WASHINGTON (Reuters) - The U.S. Supreme Court on Monday declined to hear a Johnson & Johnson subsidiary’s appeal of a $124 million penalty imposed by South Carolina after a jury found the drugmaker had improperly marketed the anti-psychotic drug Risperdal and concealed its risks.
The court’s decision not to hear the appeal filed by Johnson & Johnson’s Janssen Pharmaceuticals means a South Carolina Supreme Court ruling from June that reduced the penalty to $124 million from $327 million remains intact.
Janssen’s lawyers said that, among others things, the award violated the prohibition on “excessive fines” under the U.S. Constitution’s Eighth Amendment. The U.S. Chamber of Commerce filed court papers asking the justices to hear the case.
The state appeals court upheld the jury’s finding about the marketing of Risperdal.

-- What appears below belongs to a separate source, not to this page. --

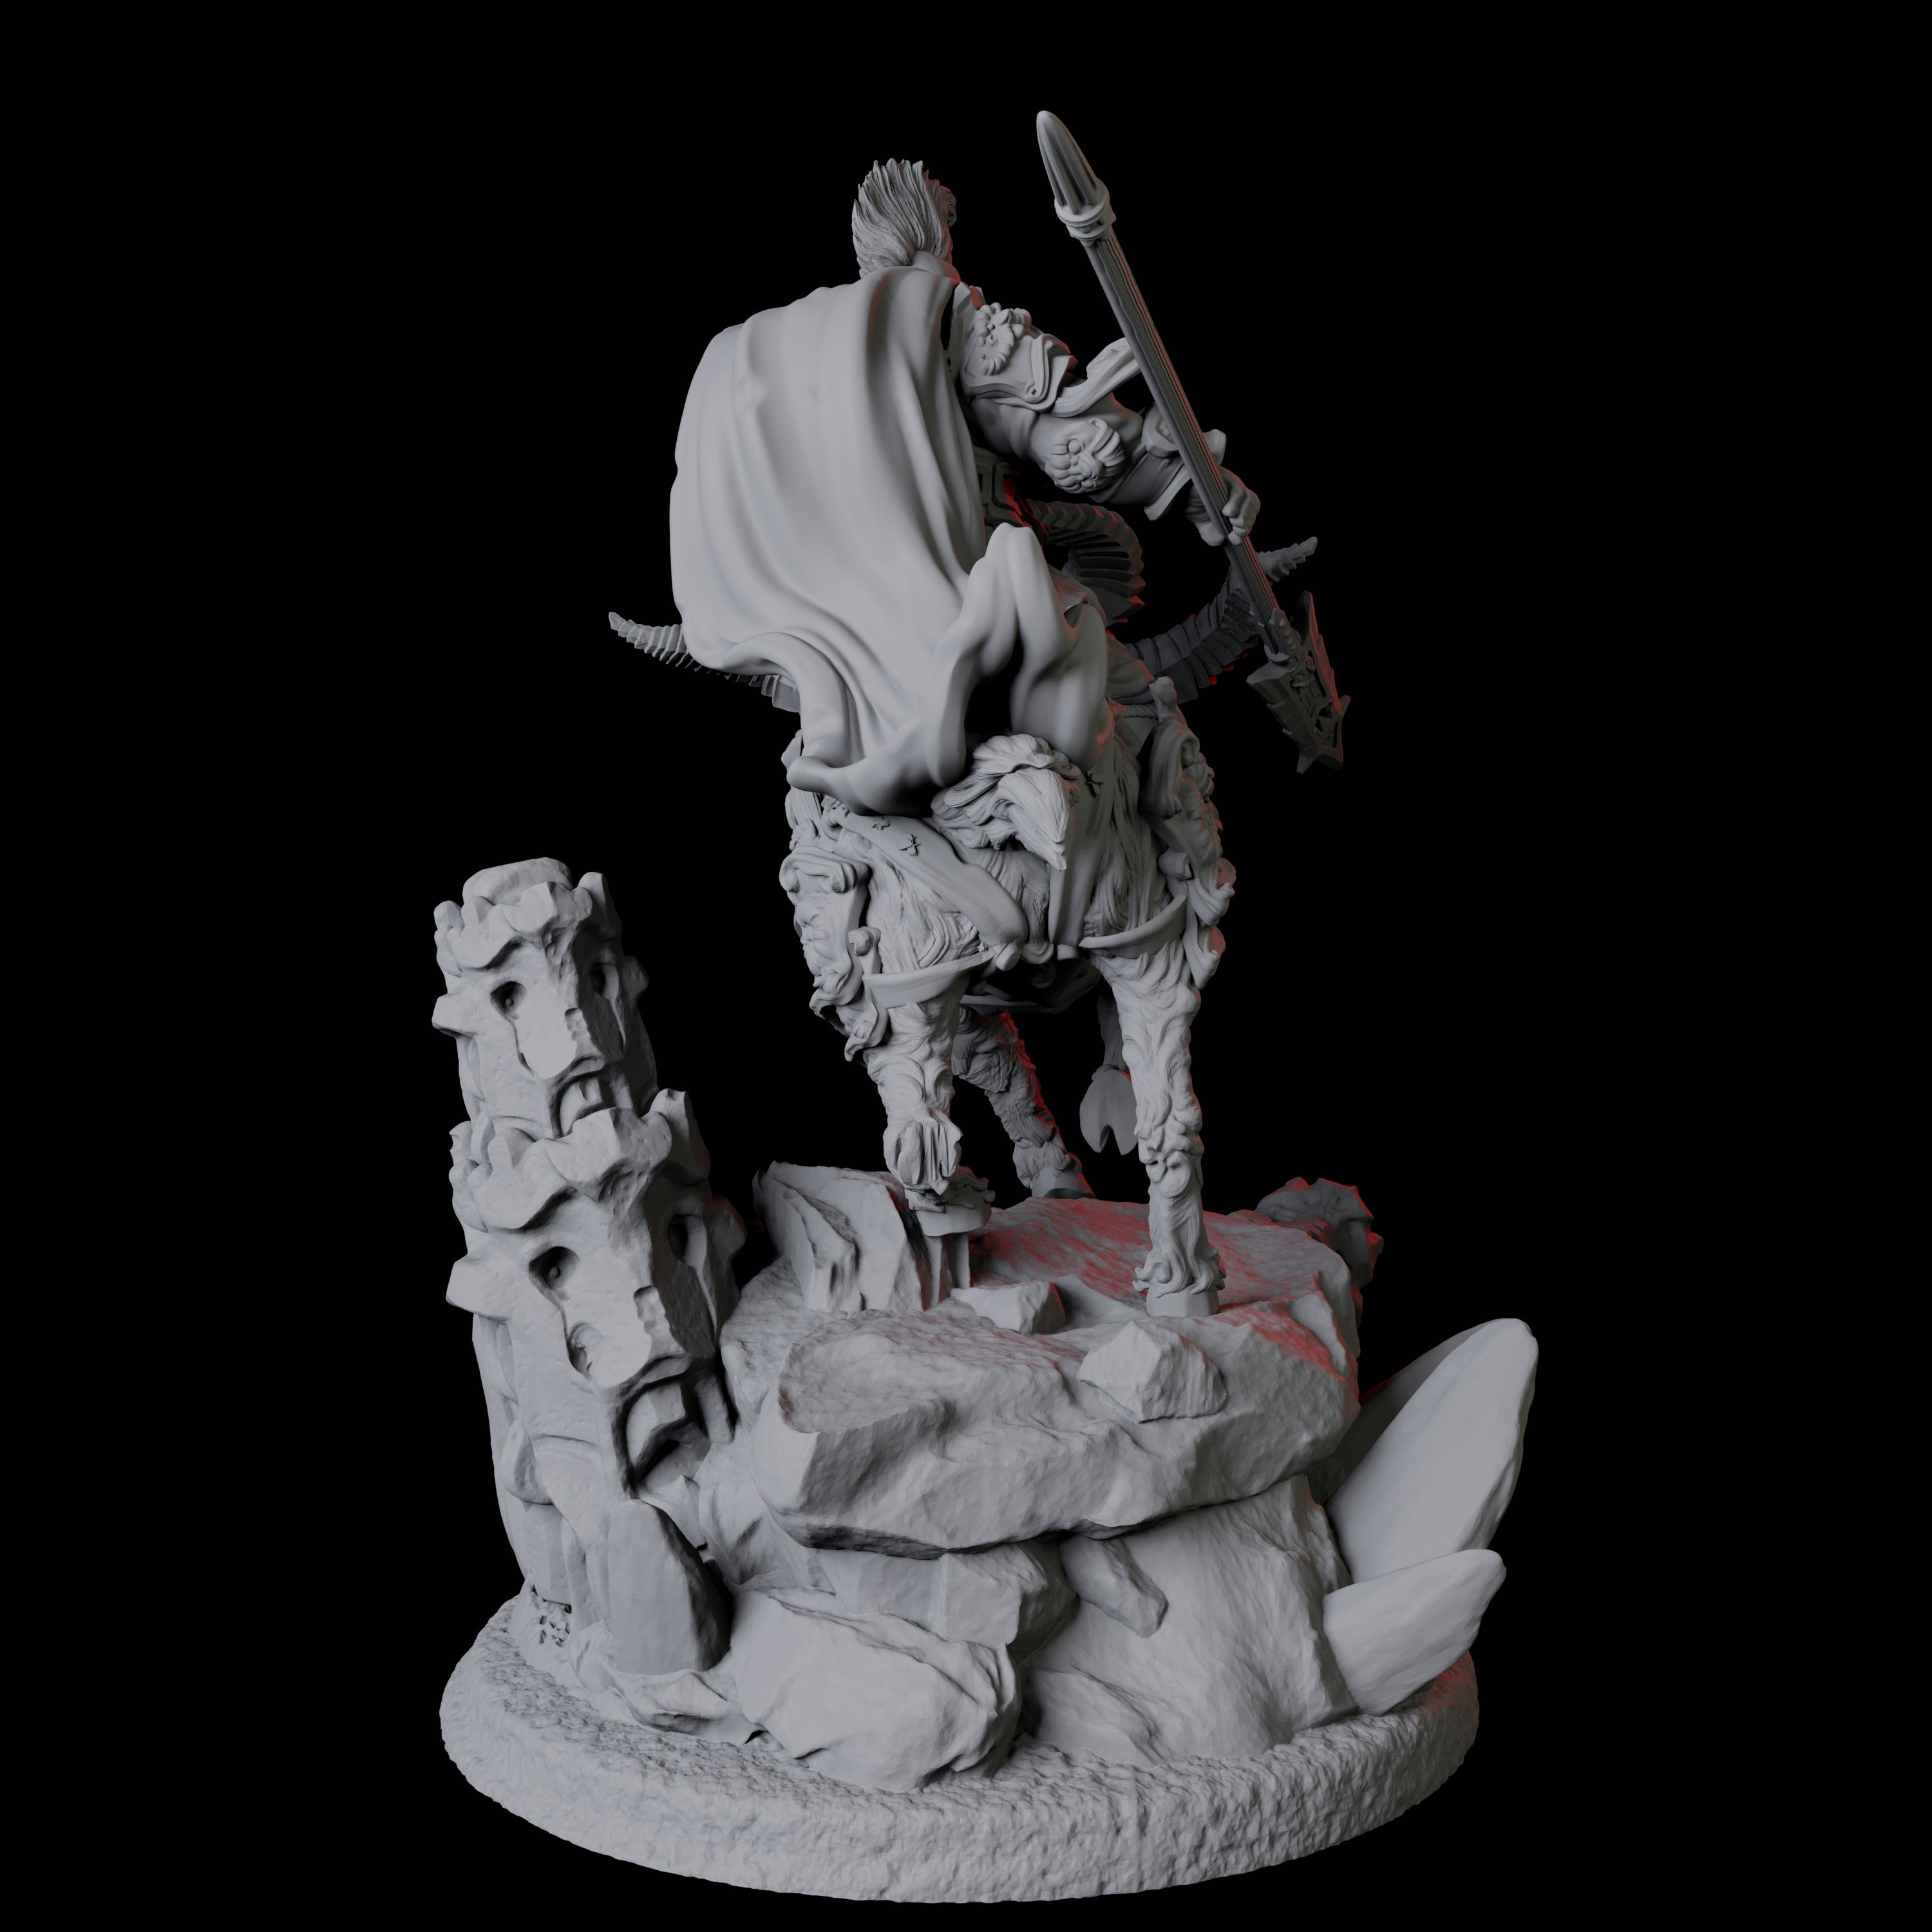 Goat Mounted Dwarf Warrior C Miniature for Dungeons and Dragons, Pathfinder or other TTRPGs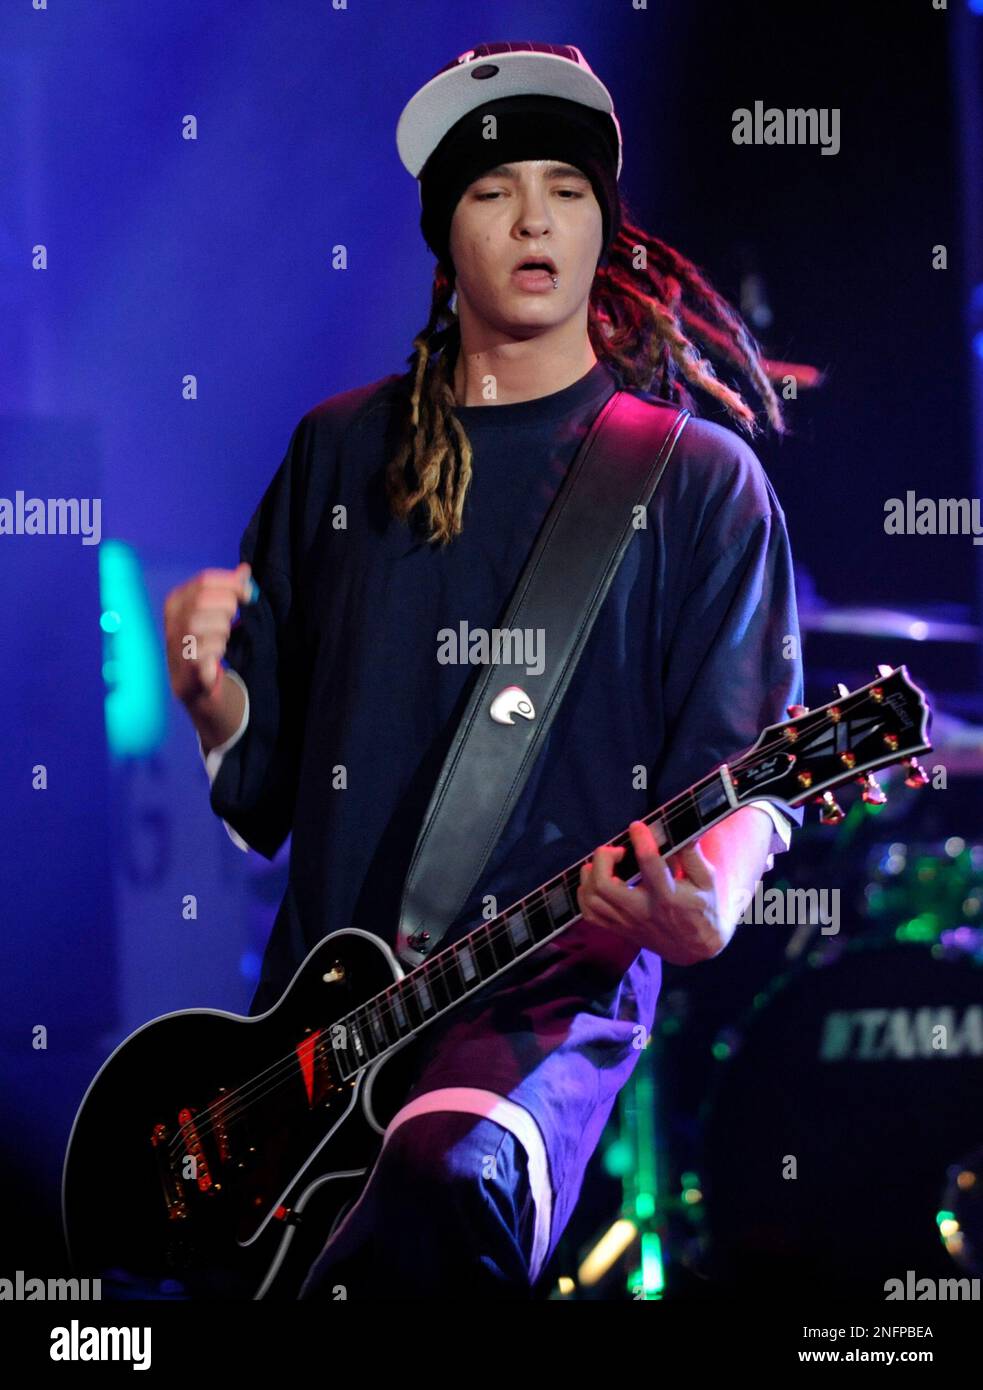 Tom Kaulitz of the German band Tokio Hotel performs at the Avalon Hollywood  club in Los Angeles, Tuesday, May 13, 2008. (AP Photo/Chris Pizzello Stock  Photo - Alamy

In reducing the amount of the penalty, the state court cited a provision in South Carolina law that no action can be taken in such cases after three years of the discovery of unlawful conduct. South Carolina filed its complaint in April 2007.
The state had sought civil penalties on two claims.
The first arose from the content of the written material of Risperdal prescriptions since 1994. The second centered on alleged false information contained in a 2003 letter Janssen sent to South Carolina’s prescribing physicians.
Risperdal, launched in 1994, is used to treat conditions including schizophrenia, bipolar disorder and irritability in people with autism. The drug and other anti-psychotic treatments have also been linked to side effects such as strokes, diabetes and weight gain.
The case is Ortho-McNeil-Janssen Pharmaceuticals Inc v. South Carolina, U.S. Supreme Court, No. 15-600.